Mono Department

TL;DR

Mono shares 346,285-hectare UNESCO Biosphere Reserve with Togo, where mangroves and lagoons support 2 million people through fishing and palm cultivation.

department in Benin

Mono Department shares the UNESCO Mono Biosphere Reserve with Togo, creating a transboundary conservation area spanning 346,285 hectares across the Mono River delta. This shared governance reflects ecological reality: rivers and their ecosystems ignore political boundaries. The reserve encompasses mangroves, lagoons, floodplains, and forests, supporting nearly 2 million people who depend on fishing, small-scale farming, and forestry.

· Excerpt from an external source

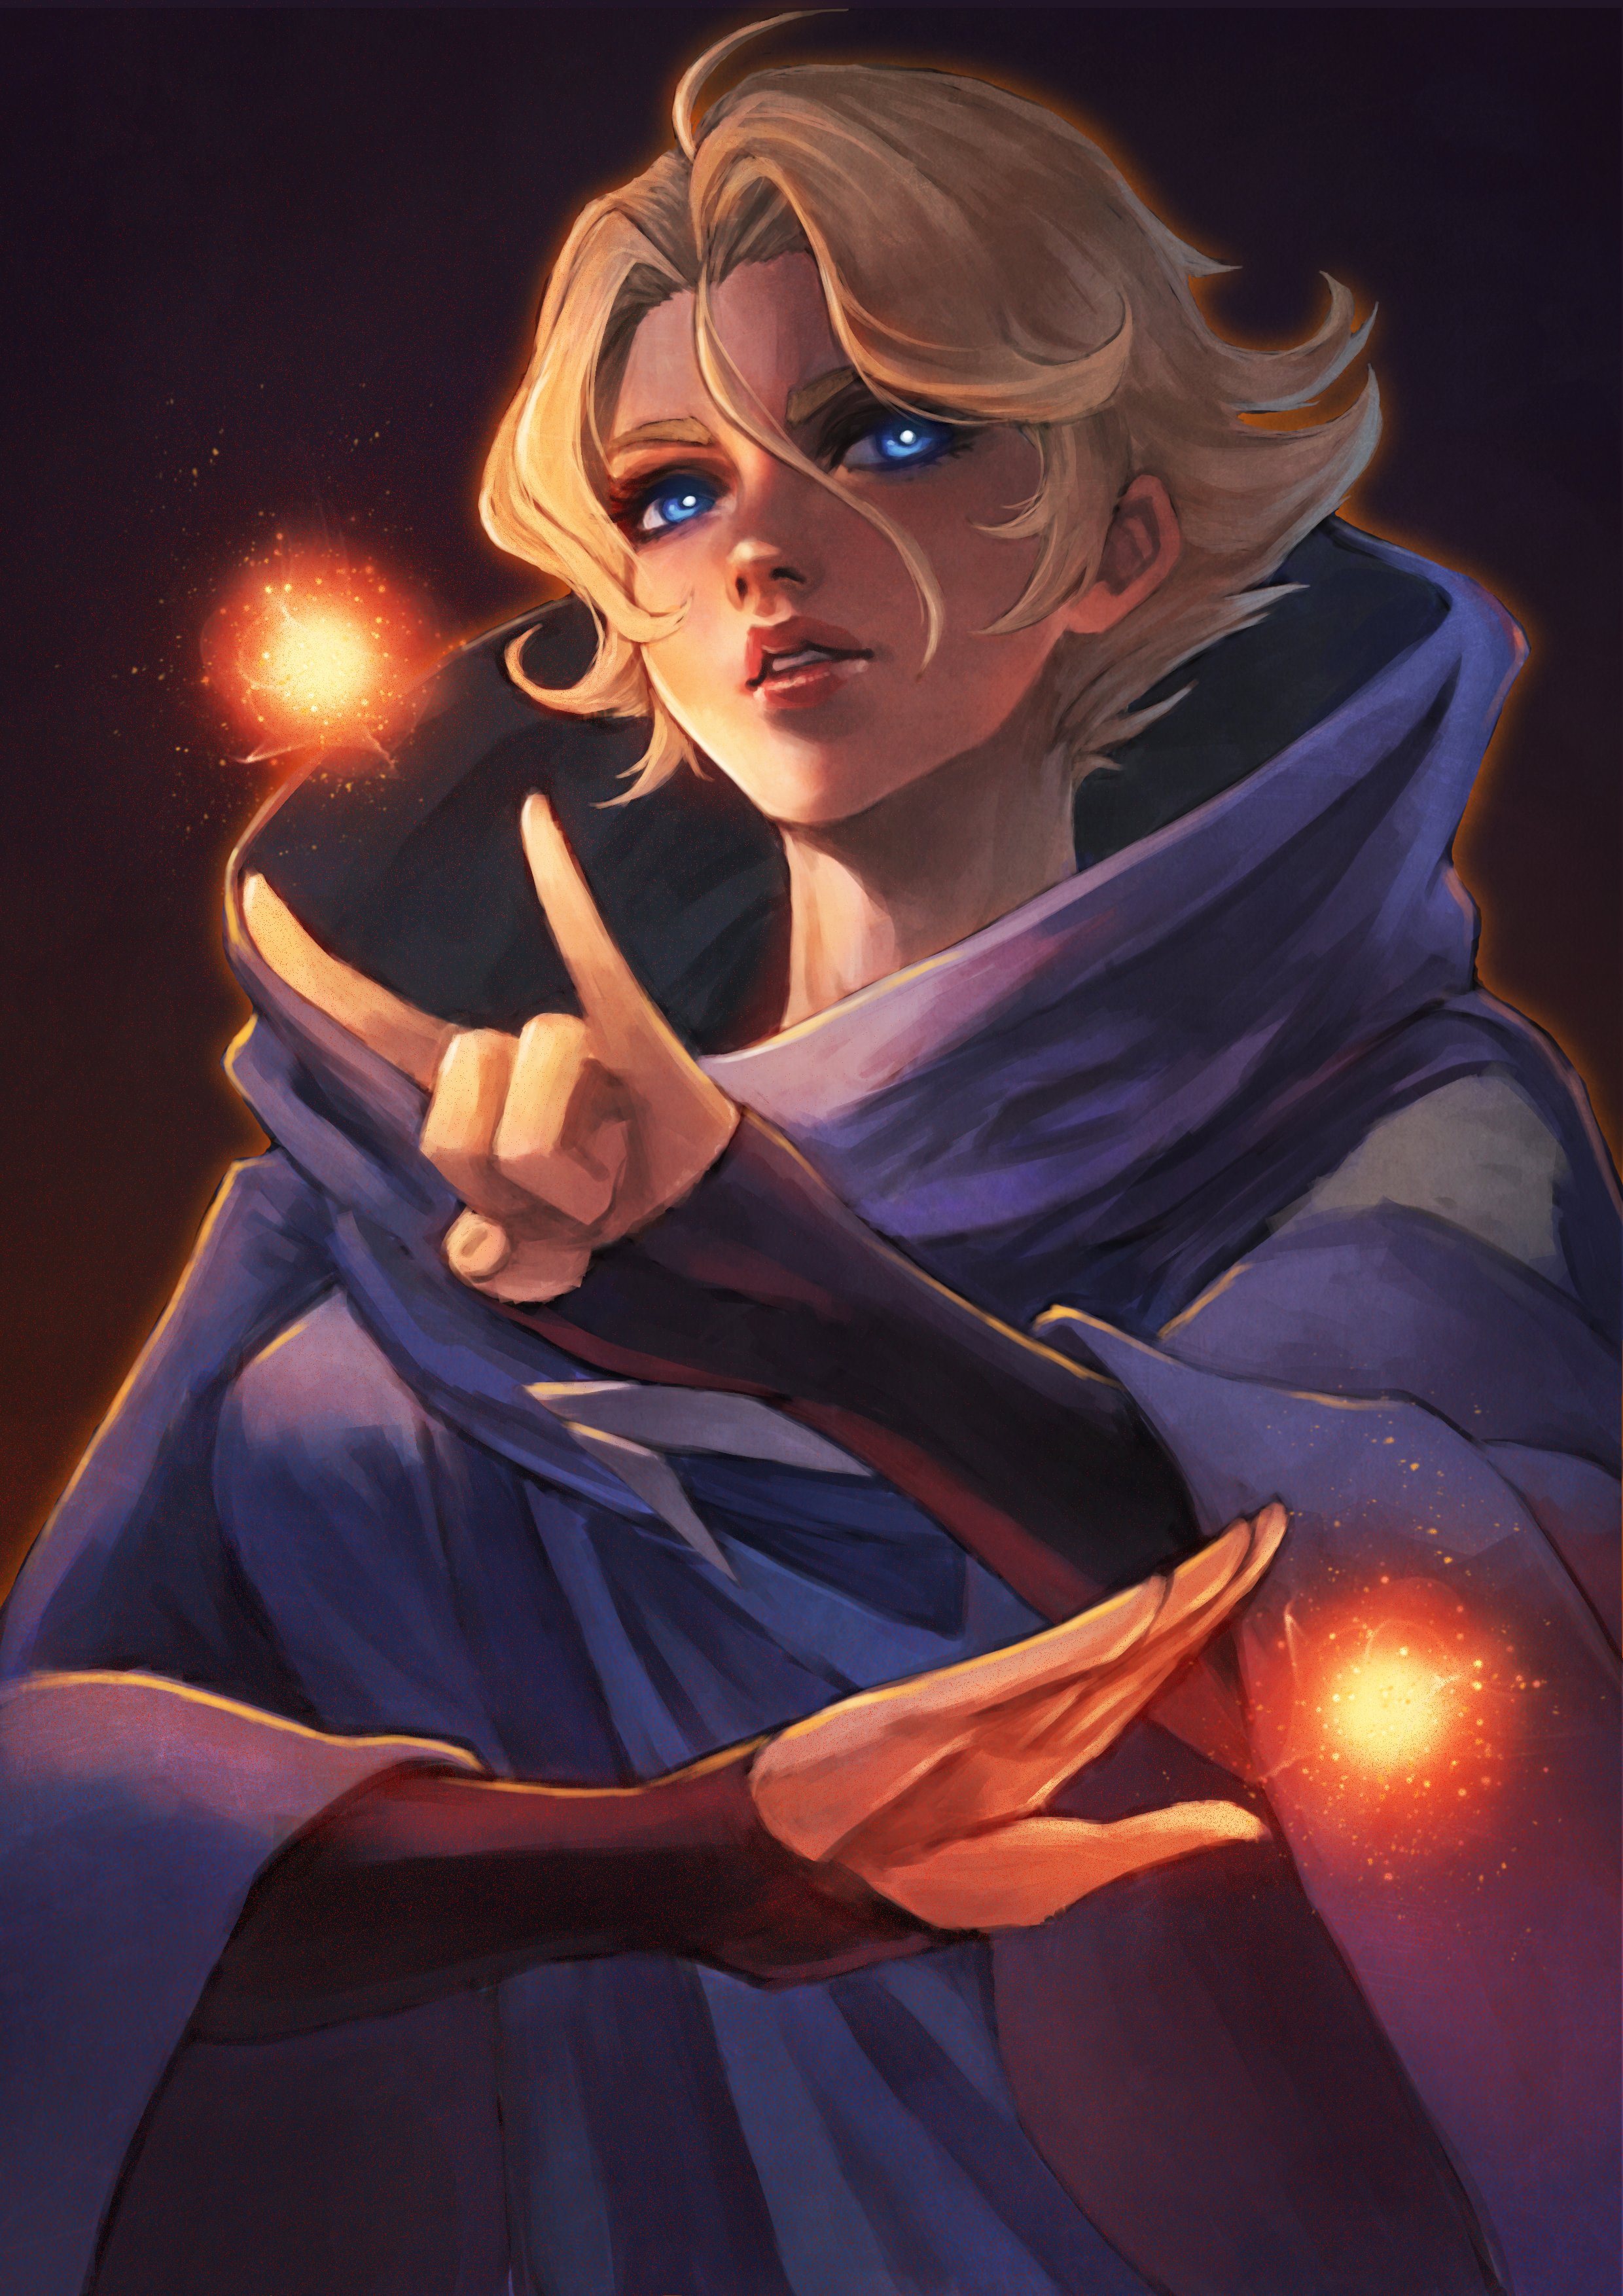 General 2480x3508 Sypha Belnades Castlevania (anime) blonde blue eyes fireballs magician cape short hair MonoriRogue

Palm and coconut cultivation dominate agricultural production, with oil processing providing employment across the department. Fishing in the lagoon system offers protein and income, though overfishing and habitat degradation threaten sustainability. The biosphere model attempts to balance conservation with livelihoods—permitting sustainable use while protecting core areas from exploitation. This zoning resembles how biological reserves function: intensive human activity on edges, protected cores in centers.

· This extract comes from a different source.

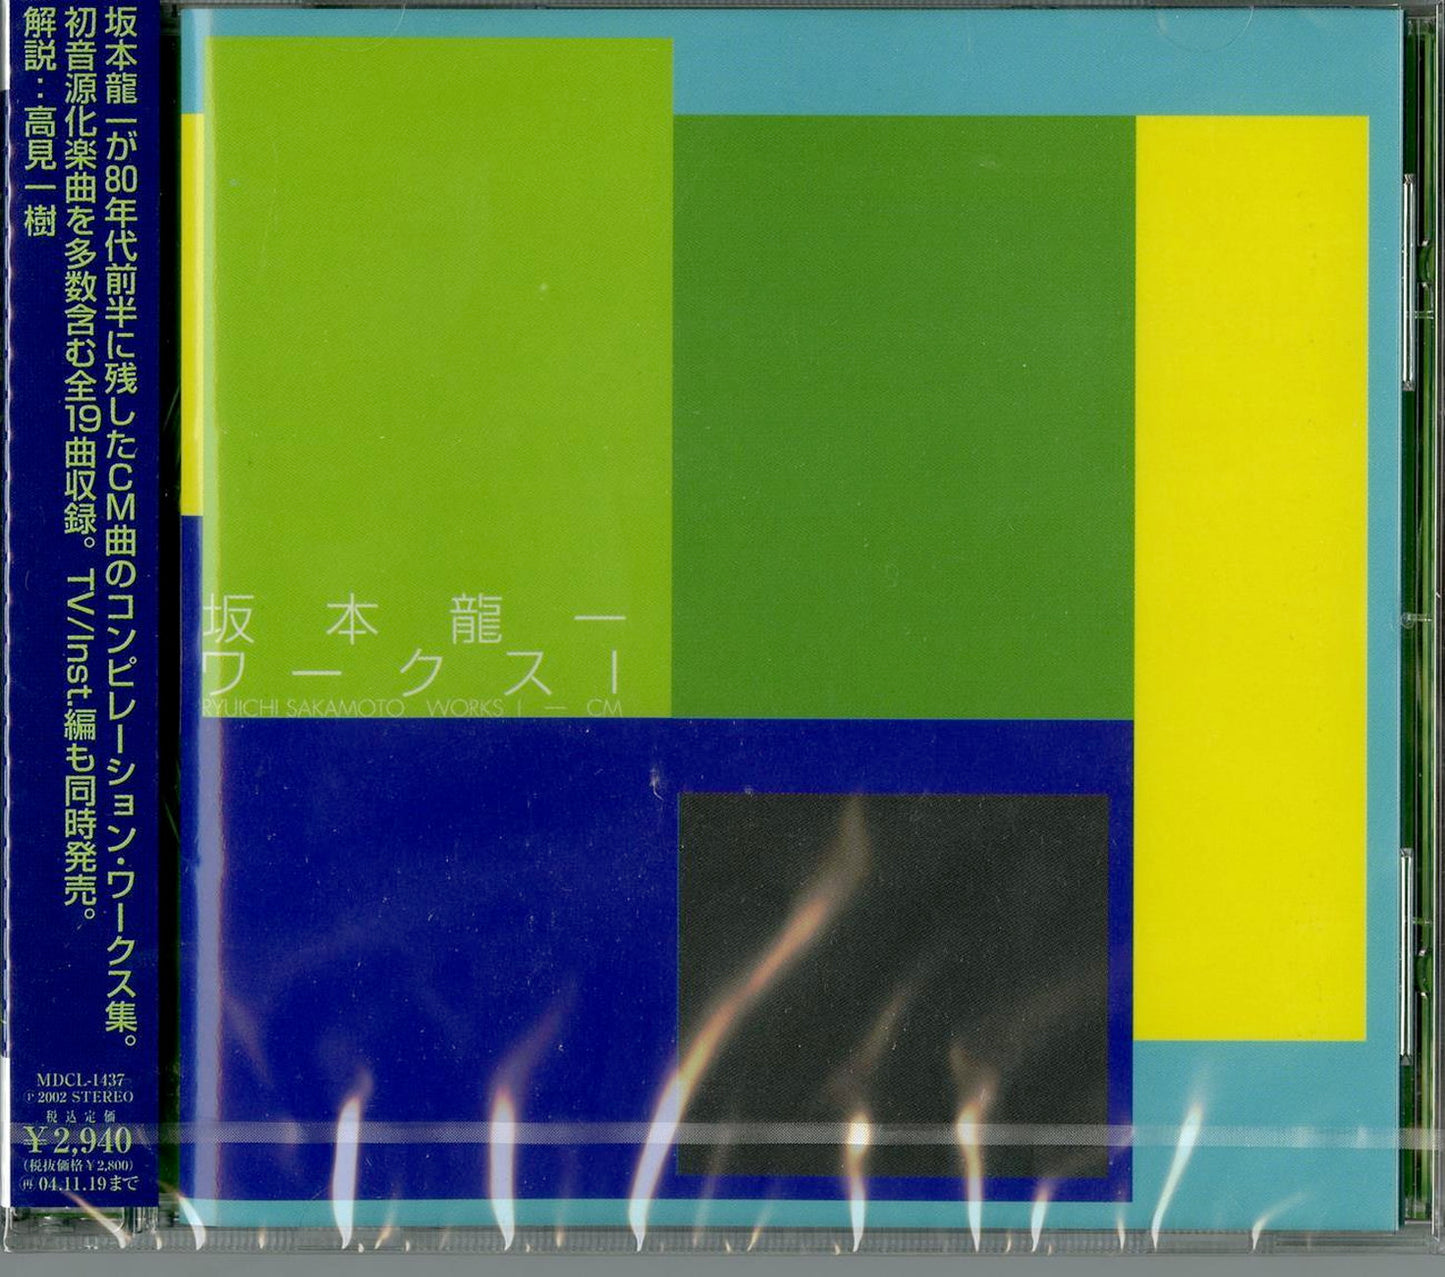 Ryuichi Sakamoto - Works I Cm - Japan  CD

Extensive agriculture and artisanal mining pose environmental challenges. Population pressure drives land clearing, degrading the ecological services (flood control, fish nurseries, carbon storage) that mangroves and wetlands provide. The department's southern coastal position makes it vulnerable to climate change impacts including sea-level rise and intensifying storms. Managing the Mono Biosphere as a shared resource requires coordination that neither Benin nor Togo can achieve alone—a governance challenge that mirrors the ecological reality of integrated watershed management.